El monstruo de tres cabezas del prejuicio –contra el arquitecto, contra la arquitectura, y contra el dueño– condenó la casa al final trágico de los herejes y los malditos: la damnatio memoriae, el borrar la memoria. Fue quizás esta terrible situación existencial lo que motivó a Marqués a crear su cuento. En su narrativa se vislumbra una solidaridad estética con el destino de la mansión, la que considera símbolo del pasado que va en retroceso, en una caída libre e inevitable hacia el olvido. Él, Marqués, como los demás también nubla la visión de la casa, puesto que la “purifica”, la “esteriliza” de referencias incómodas al arquitecto extranjero y al dueño millonario. En el cuento el arquitecto es griego y construye la casa para la mujer, que simboliza la Isla a quien le dice: La concebí para ti. Y debería ser tuya. Pero la perderás. Del dueño se dice que es un mero anfitrión y no tiene peso alguno en la narración. La casa es personificación teatralizada del ayer perdido, ese tiempo que al igual que la vivienda de la calle del Cristo, es un sol en descenso hacia la noche de la muerte. La mirada arquitectónica de René Marqués es esa mirada de entrañable afecto a lo que ya no será, aquella memoria que por la ignorancia de los seres humanos se destruye o se deja morir lentamente. Los mosaicos de la casa, inspirados en el café, eran signos de un mundo agrícola desplazado por la modernidad industrial. Fueron precisamente pedazos de esos mosaicos los objetos que recogían los niños y las ancianas después que el aerolito de metal derrumbara las últimas paredes de la casa. El acto de recoger los restos del pasado es una especie de conjuro para evitar el olvido, conjuro levantado por el endeble pensamiento de que alguna vez el ave fénix resurgirá de sus cenizas. Al término de su reflexión sobre la belleza perdida de la mansión Giorgetti, Marqués escribe una nota entristecida que no es un final cerrado sino un fin abierto al misterio y a la penumbra.

El final del cuento nos remite, como el Ouroboros clásico, al principio, a la introducción donde se pregunta el autor: ¿Se es porque se piensa o porque se siente? Como el Hamlet shakesperiano, Marqués nos invita al soliloquio del ser y no ser sobre la naturaleza de nuestra existencia individual, pero sobre todo sobre la naturaleza de nuestra existencia colectiva. Pienso que hoy Marqués nos llama a salirnos de la monocromía valorativa que sigue imponiéndose desde las instancias del poder enroscado en San Juan, y nos llama a que luchemos contra el virus del olvido, que va destruyendo los bits de información de nuestro cerebro hasta dejarlo vacío. El proyecto es cruel e inteligente: borrar la memoria destruyendo las huellas físicas del pasado, para que no sepamos quiénes fuimos y no podamos decidir qué seremos. Las demoliciones de nuestro pasado continúan destruyendo nuestros pueblos y ciudades. Esta dejan los huecos vacíos en el alma urbana del país como cráteres abiertos en una guerra fratricida, que nos han vendido como una elección entre el progreso o la tradición. Ante tanta injuria, se pregunta uno si la solución final será destruir el istmo entre los dos continentes, si el fuego como principio filosófico de regeneración es la ruta correcta, tal y como concluyeron Inés y Emilia antes de quemar la casa de los soles truncos.

Bibliografía

Arrigoitía, Delma S. (2001) Eduardo Giorgetti y su mundo: la aparente paradoja de un millonario genio empresarial y su noble humanismo, San Juan: Ediciones Puerto.
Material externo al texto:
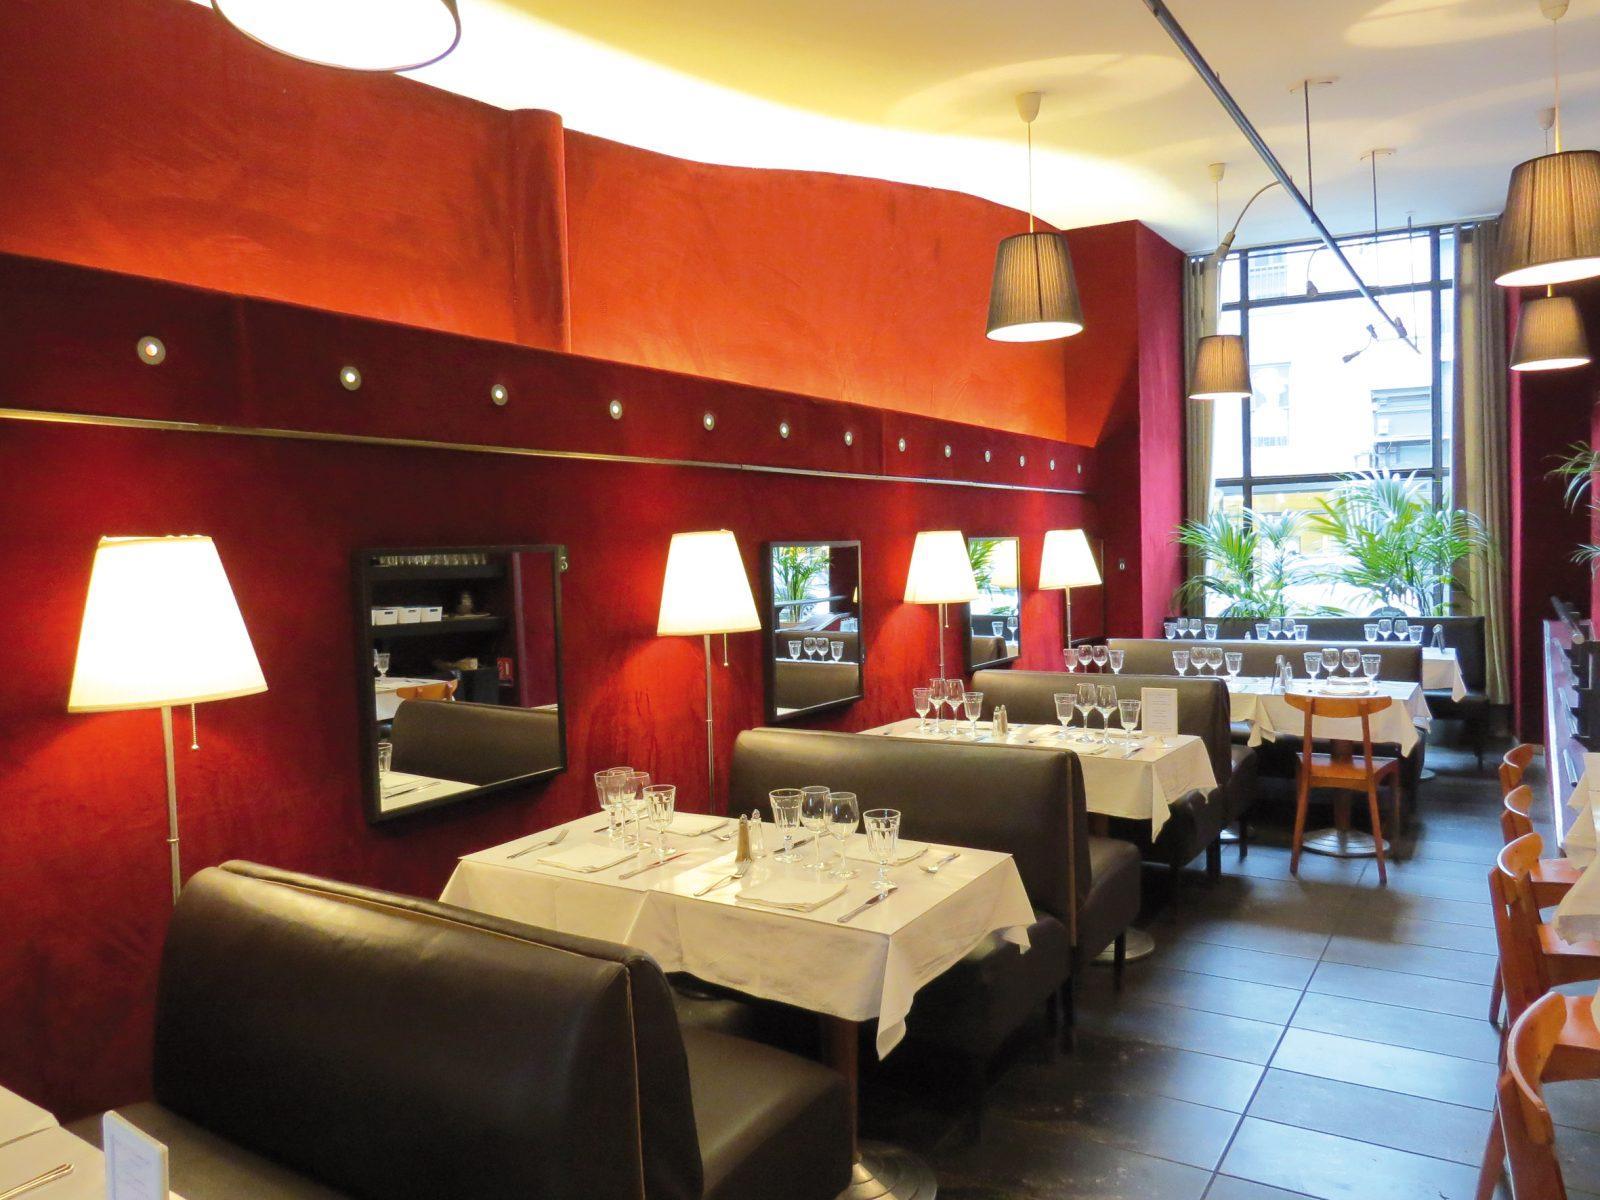 Brasserie le majestic restaurants auvergne vacances for Auvergne cuisine traditionnelle

Marvel, Thomas S. (1994). Antonin Nechodoma: Architect 1877-1928, The Prairie School in the Caribbean. University Press of Florida.
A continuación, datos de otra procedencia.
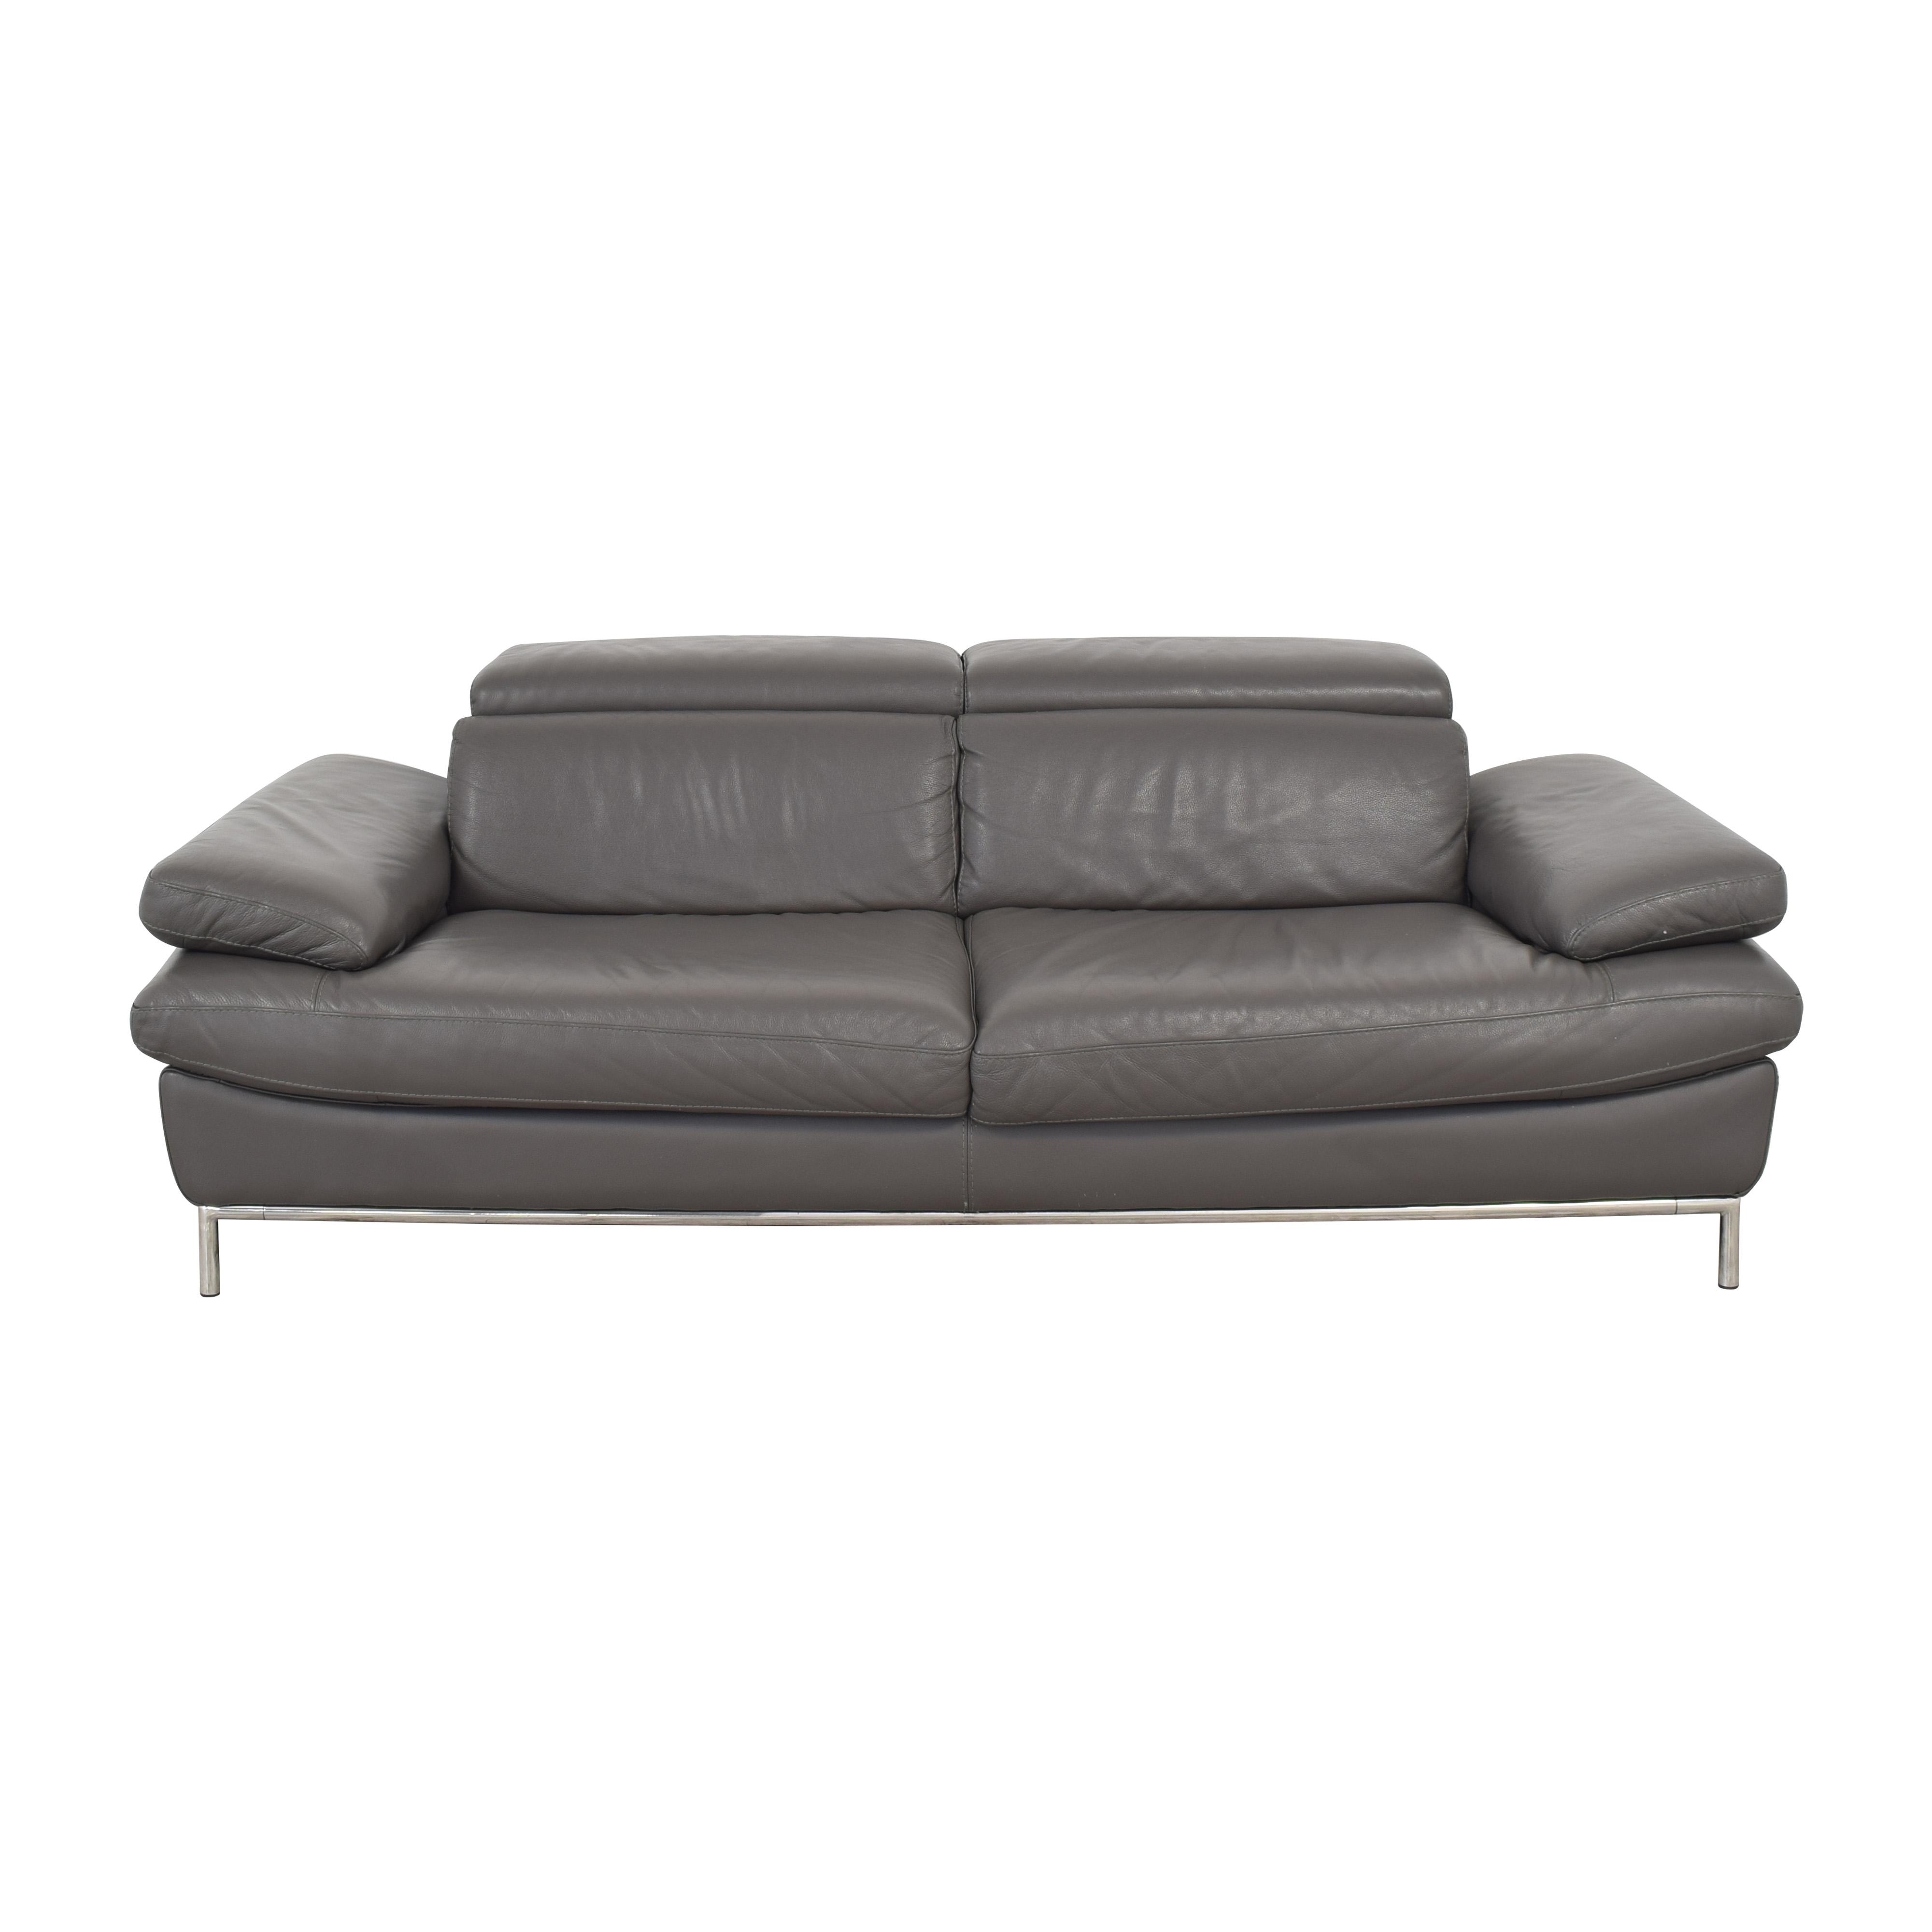 Italian Three Seat Sofa for sale

Marqués, René, (1975) Ese mosaico fresco sobre aquel mosaico antiguo, Río Piedras: Editorial Cultural.

Rigau, Jorge. (1992) Puerto Rico 1900. Nueva York: Rizzoli.

Vivoni, Enrique. (1989). Antonin Nechodoma: umbral para una nueva arquitectura caribeña. San Juan: Archivo de Arquitectura y Construcción de la Universidad de Puerto Rico.